The high school and its veteran teacher and coach started the same day in 1959
By BRIAN COOPER
TH executive editor
TH: How did you end up choosing Loras College?
O'Connor: I worked for a mortuary service in Council Bluffs. The owner went to Loras. Sue and I were married, and school wasn't my direction then at all. After high school, I worked in the railroad community in Omaha-Council Bluffs. The owner just says, "Why don't you look at Loras, Bernie?" He'd tell me about it. He liked it a lot. And I did.
TH: You graduated from Loras in 1959, at age 29, and started at Wahlert. What do you remember about the first day of Wahlert High School?

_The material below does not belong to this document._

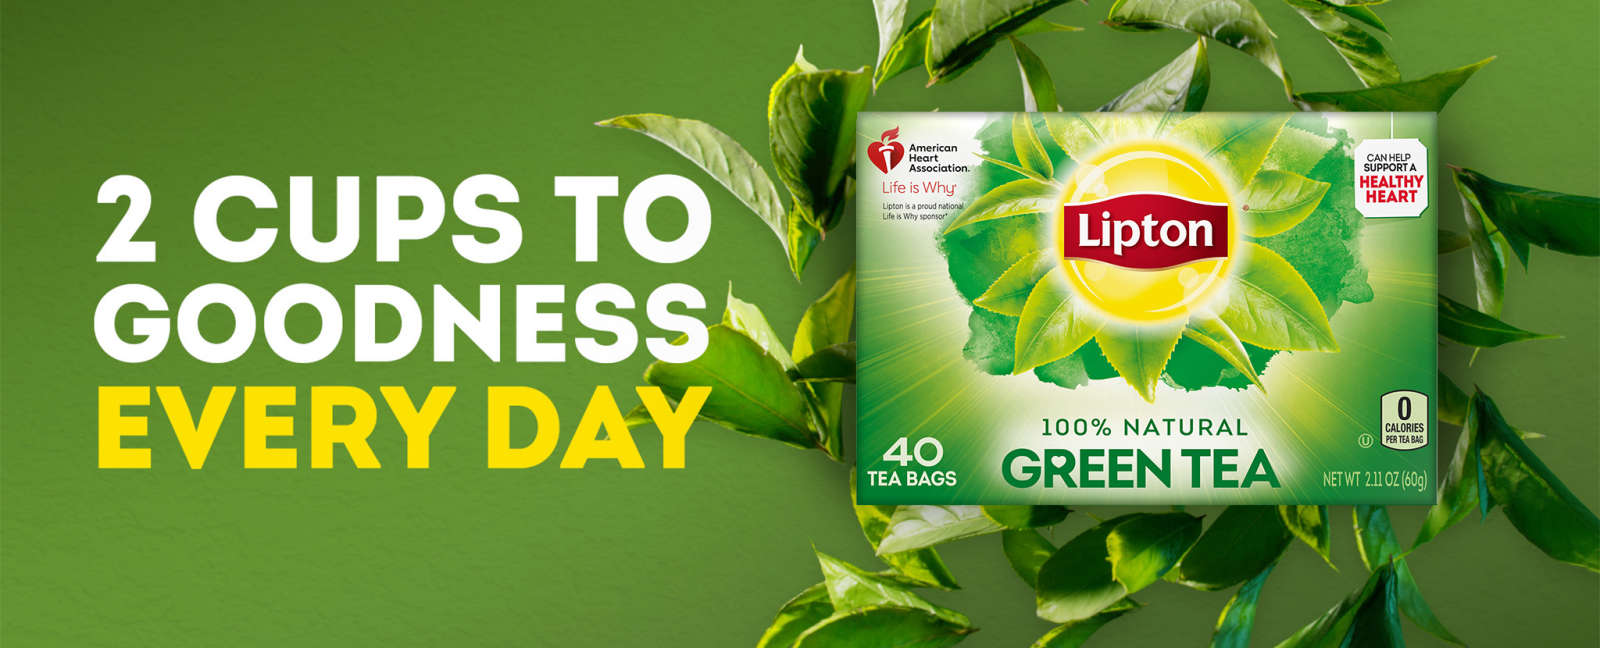 A 40-count box of Lipton Green Tea Bags in front of swirling green tea leaves on a green background. To the left is text that reads, "2 CUPS TO GOODNESS EVERY DAY"
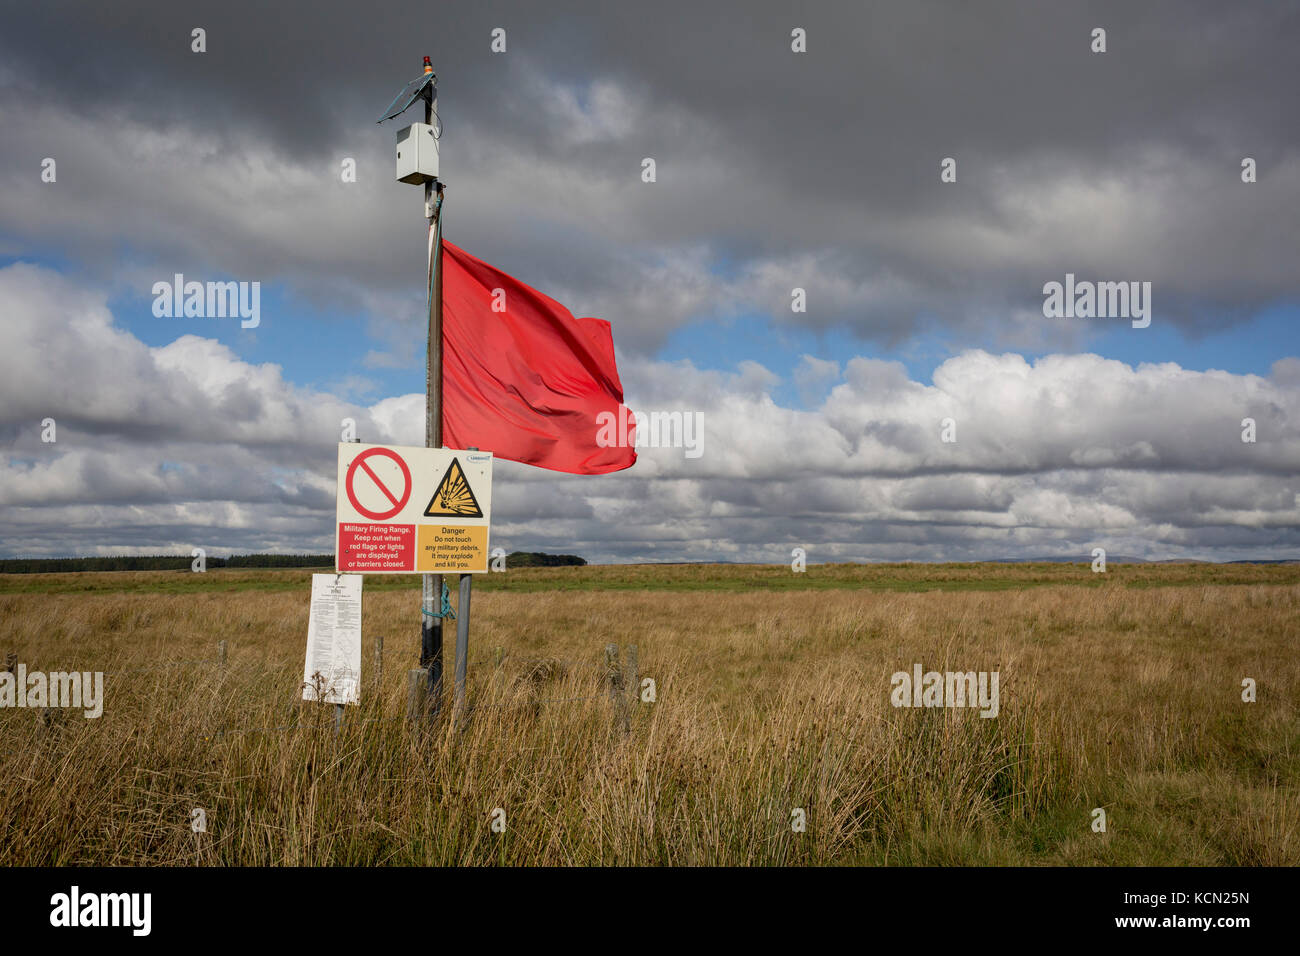 A red warning flag flies on the perimeter during military live firing at Otterburn Ranges, on 28th September 2017, in Otterburn, Northumberland, England. Twenty-three per cent of Northumberland National Park is owned by the Ministry of Defence and used as a military training area though they encourage as much access to the area as possible. Sometimes areas are cordoned off from the public for military exercises. Visitors are welcome outside of live firing times if no red flags are displayed. When military exercises are happening, red flags around the boundaries indicate restricted access. Visi Stock Photo

O'Connor: As a matter of fact, I was so anxious to get there and felt so good about it, I went out several times in the summer and just nosed my way around a little bit. I stepped in to look around and three or four guys were laying the gym floor. The guy says, "Hey, what are you doing here? I said, "I just came to look." "Nah, this is a big job. We don't want any interruptions or anything."
But very impressed. Size-wise, very impressed. And the first day of school with the young people in there -I think we began with about 1,700 or 1,800 students - corridors and lunch halls. Yeah, it was a little different than coming from Council Bluffs, Iowa, and St. Francis High School.
TH: What advice might you share with say younger parents who do face some of the challenges and the tragedies that they have to endure?
O'Connor: Right. Our little girl, Bridget, going through cancer was very, very tough on me as a person and a male. But my wife, Sue, I just couldn't believe how tough it is. And certainly I can understand more now than ever. Yeah, that was really tough. Five years old. But going through that, you've got to stick together and stick with them, no matter what.
Hopefully, your partner -- your wife or your husband -- has to be, I don't want to say on the same page, but you both have to understand. Very much so.
TH: Regarding the new Bernie O'Connor tennis facility at Wahlert. I hear that there is not a better facility for high school athletes, maybe even college athletes anywhere in the state.
O'Connor: That's what I've been told. Somebody told me it's going to be someone that knows somebody that's in USTA (U.S. Tennis Association) or something like that is going to have them do a story on just the courts and stuff. It is first class. I've seen a lot of them and they're good. I just know that the way it's done and the way it was done and professionalism of it and the layout of it, it's as good as any that I have gone through and played on with our kids in tournaments and things. Our tennis kids at school are really delighted with it.